* Task directions: Without any images, write the data out exactly as it appears.

* Data provided:
□ □ □ □

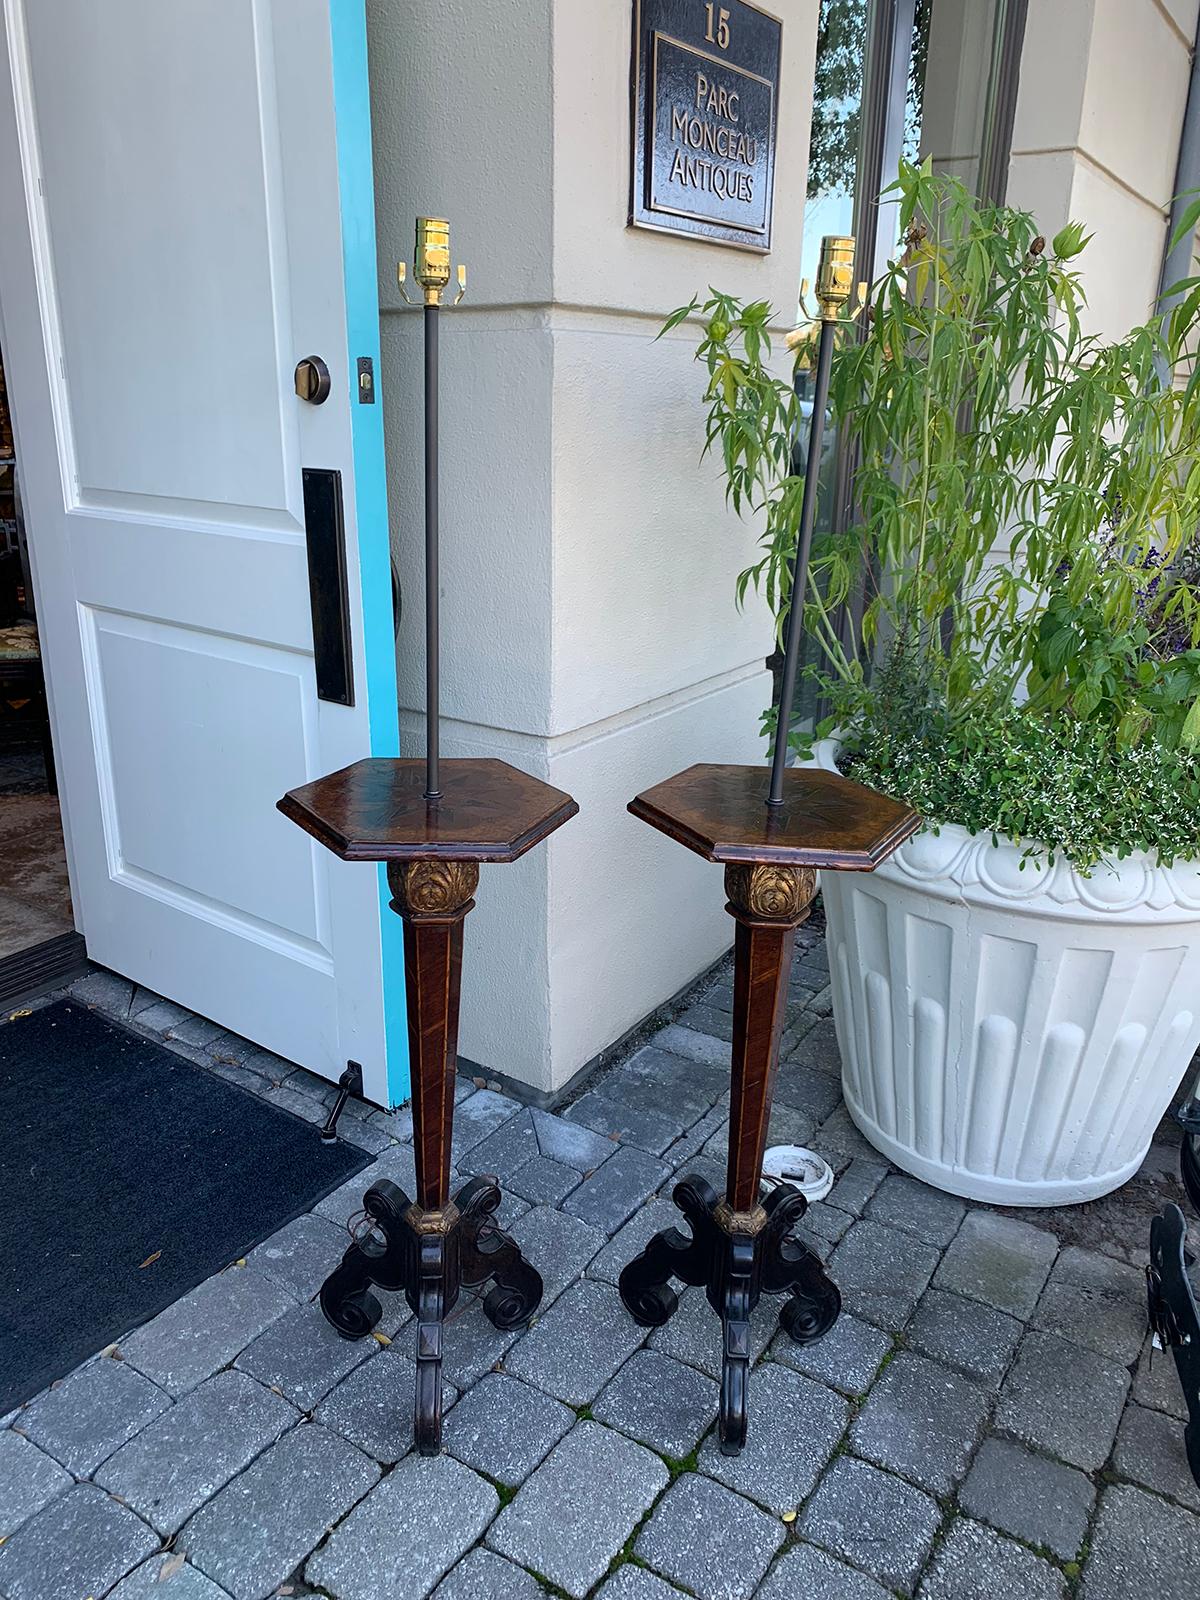 Pair of 18th-19th century inlaid continental pedestals as floor lamps
Brand new wiring.
Measures: 12.5

□ □ □ □

* Task solution:
 Pair of 18th-19th century inlaid continental pedestals as floor lamps
Brand new wiring.
Measures: 12.5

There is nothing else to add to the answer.